也许是感觉到了安然的不安,秦怀瑾也就没有放开他的手,所幸宽袖够大,衣袖相擦之下,轻轻的牵着倒也没有那么的失礼。
在众人的视线下,他带着安然走向了右边的第二个空席,与秦芳菲与宇文华相对。
见安然他们坐好,秦芳菲便急忙跟他们眨眨眼,她身边看着的宇文华瞬间觉得额头有些抽筋了。这人怎么就越大越小孩子样呢?不过,唔,真的是很活泼俏丽呢!

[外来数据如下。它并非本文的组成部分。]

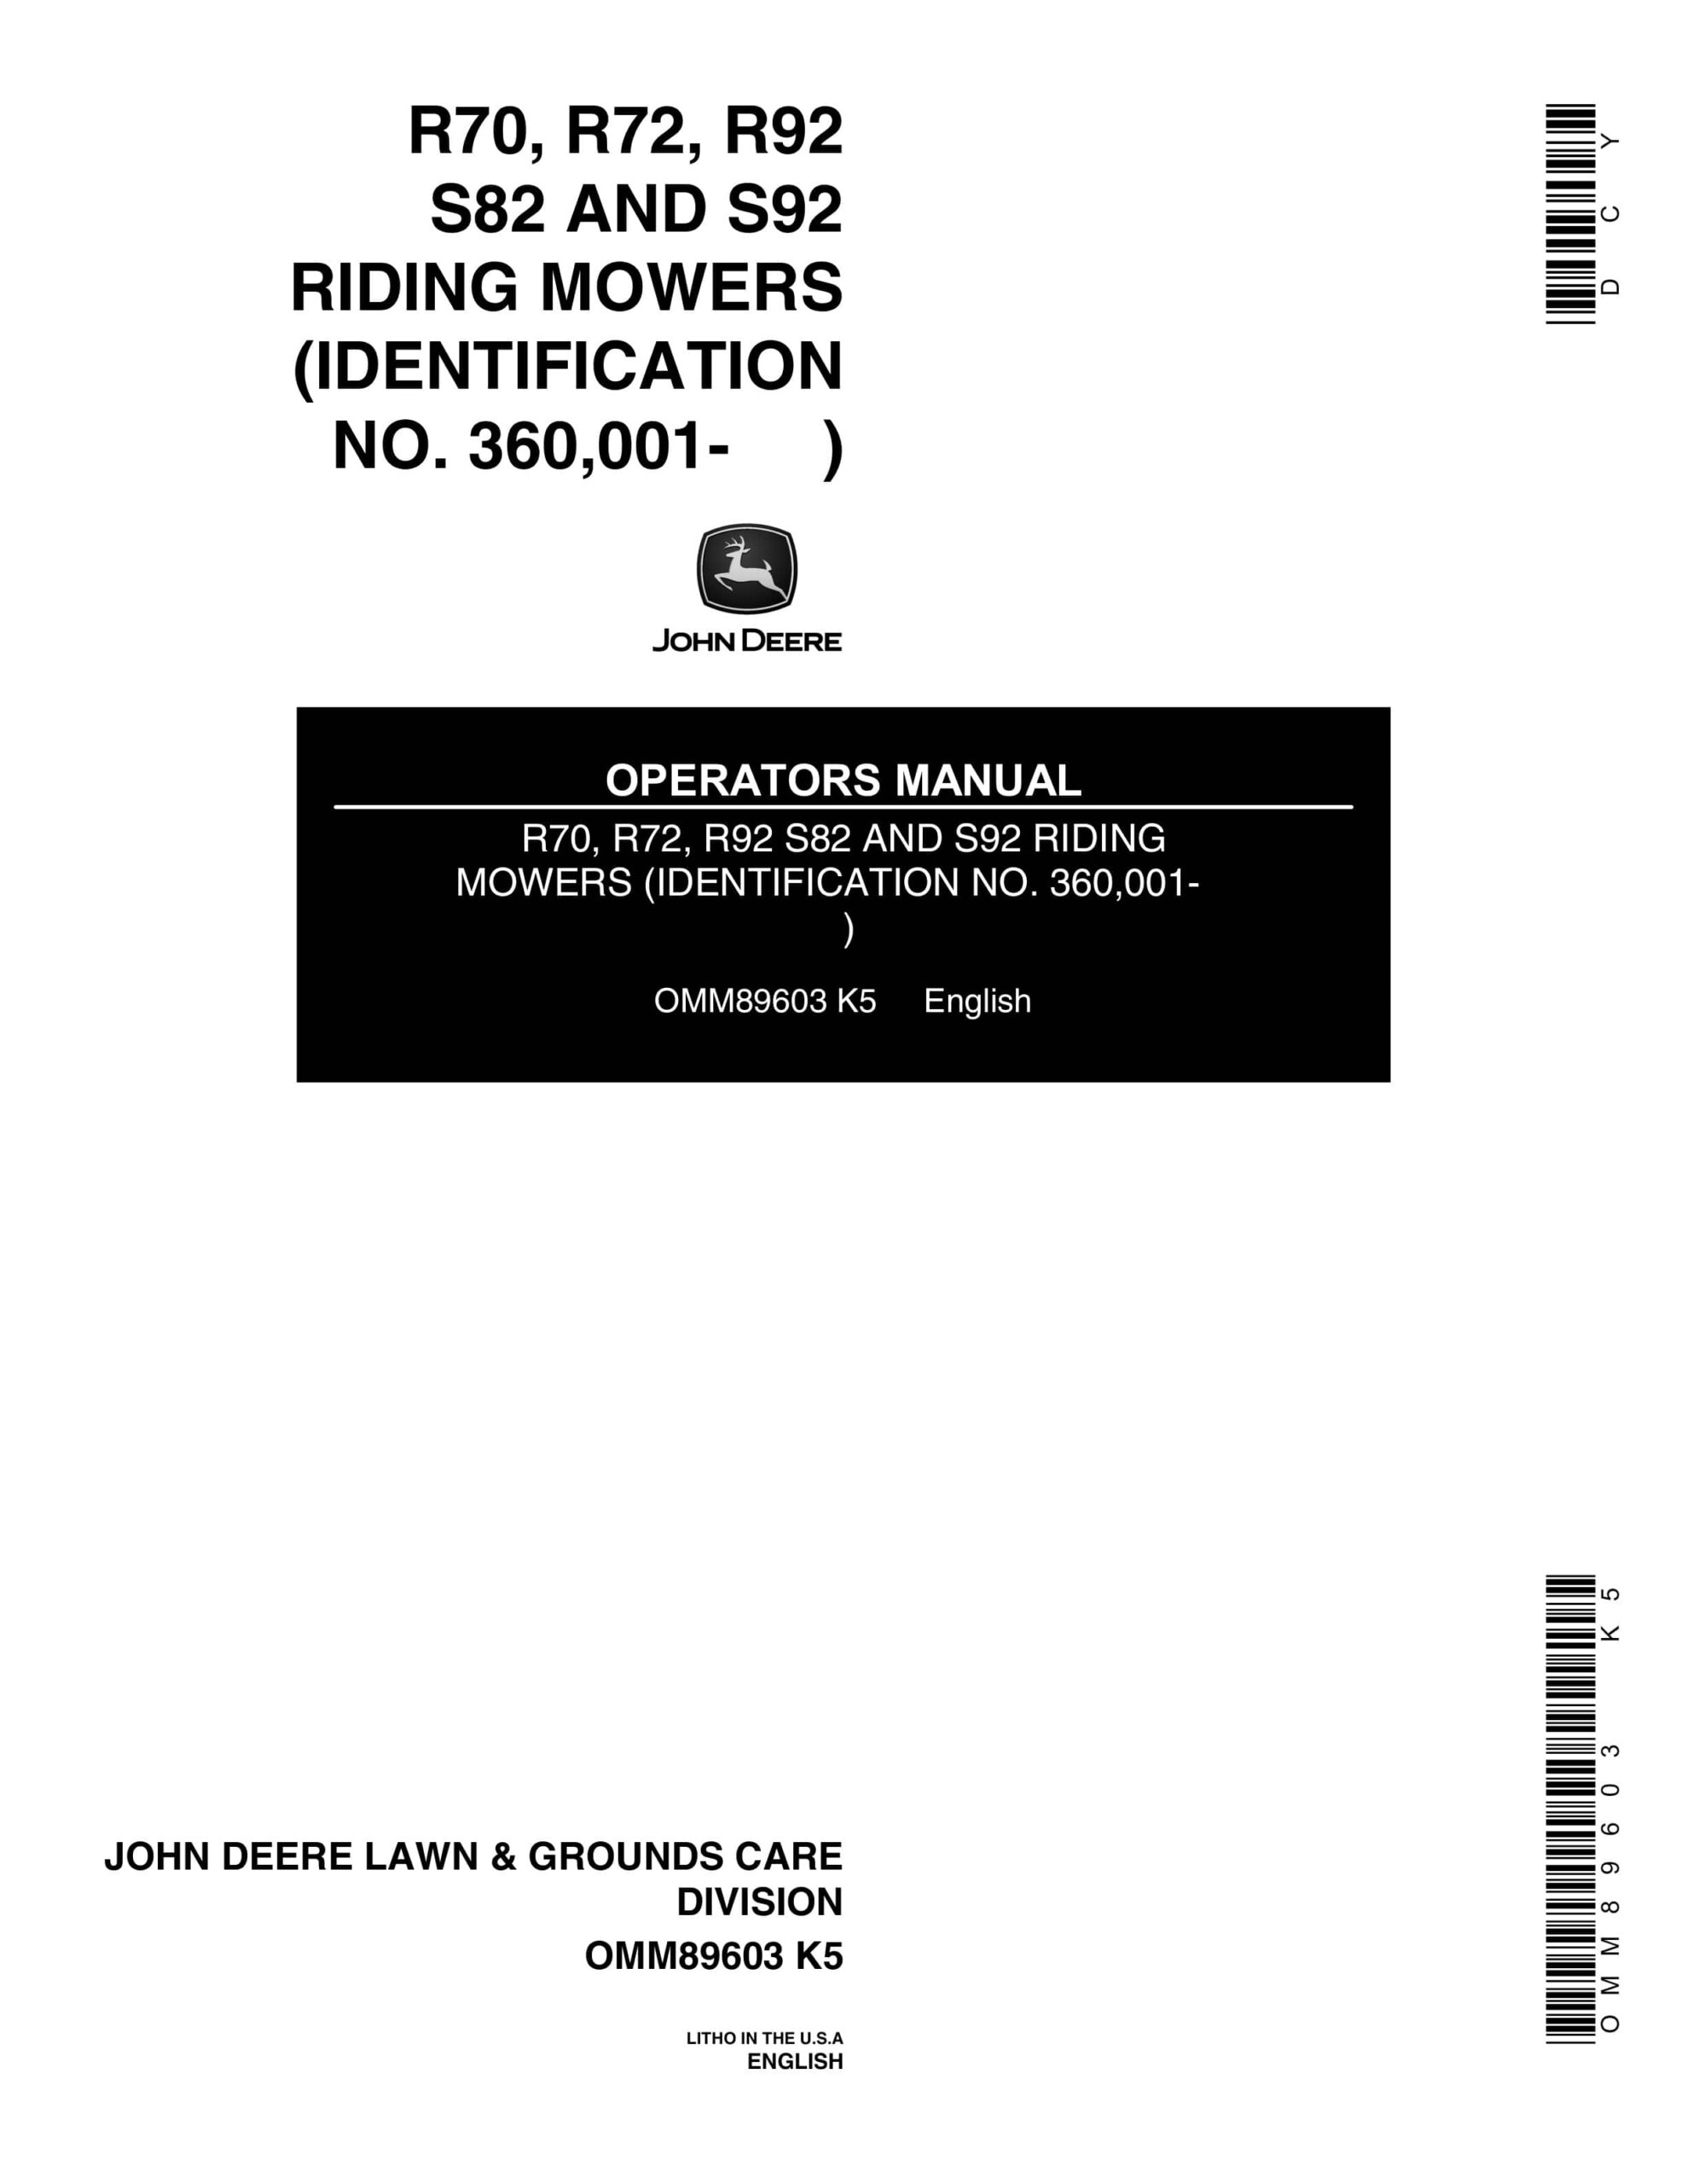 John Deere R70, R72, R92 S82 AND S92 RIDING MOWERS Operator Manual OMM89603-1

“?”安然有些茫然的看了过来,眼神清澈,显尽了懵懂。于是,秦怀瑾也有点头疼了,借着端茶杯的举动将自家无知的小王君的注意力给引了回来,顺便低声叮咛:“然儿,待会儿什么都不要管,也不要看,安心吃喝就好了。吃完了,我们就……回家。”
这一句话说完,秦怀瑾收住愣了那么一刹那的心神,在案桌底下,轻轻的捏了捏安然的手。回家,这个词,终于是可以用在他身上了……
相较于秦怀瑾的表面平静温雅内心动荡,安然只是回握了一下捏住自己的大手,微微偏头擡眼,轻轻了弯了弯唇角,再轻轻的点了点头。云淡风轻,却又如此的理所当然。
他早已经将那个相较于侯府更为壮丽精致的王府当做了另一个家了。因为那里,也住着那么那么多对他好他也想对他们好的人呢,最主要的是,里面有着这个这么爱护自己的瑾,他想与之相伴一生的人。
秦怀瑾看着这抹笑,突然的就觉得今天晚上,就算是发生了什么,他也不会有什么不安与踟蹰了。他要守护的人就在身侧,他爱的人也这么的依恋着他,如此,似乎心也就满足的快要溢出来了。
……人不能太不知足。
他偏头看着安然,安然的浅笑怡然的秀致脸庞却也成为了关注这边的人眼里的风景。
这,真的只能是说风景,生动的,美丽的,淡雅的,让人陶醉的风景。
一人微微黯然阴狠,可惜,这个人已经是不可能属于他了……
一人微惊目露淫|邪,这么好的尤物,五皇弟怎么就如此好福……
擡杯执饮,借势而为。这样只有个人知道的一缕思绪,转瞬便被隐入了心底。
秦怀珏收起了前一秒的失落与心痛,脸上依旧是平素的狷狂与胜券在握。见着身侧看起来就柔丽乖顺的女子体贴的添酒,深沉的墨黑眸子都没有闪过任何的晦涩。只是,见着酒满,擡杯置于唇边,轻轻一嗅,才一口而干。
这是个识趣知趣的女人。
而在放下杯,见着斜对面的那两人颇为剧烈的动作,秦怀珏扯了扯嘴角,呵,这样的货色也敢肖想那样的人,自己找死!这么想着,秦怀珏也就动了动手指,等着酒杯被再次添满时,便偏头看向了秦怀瑾,举了举杯:“五皇弟来迟,本王劝饮一杯。”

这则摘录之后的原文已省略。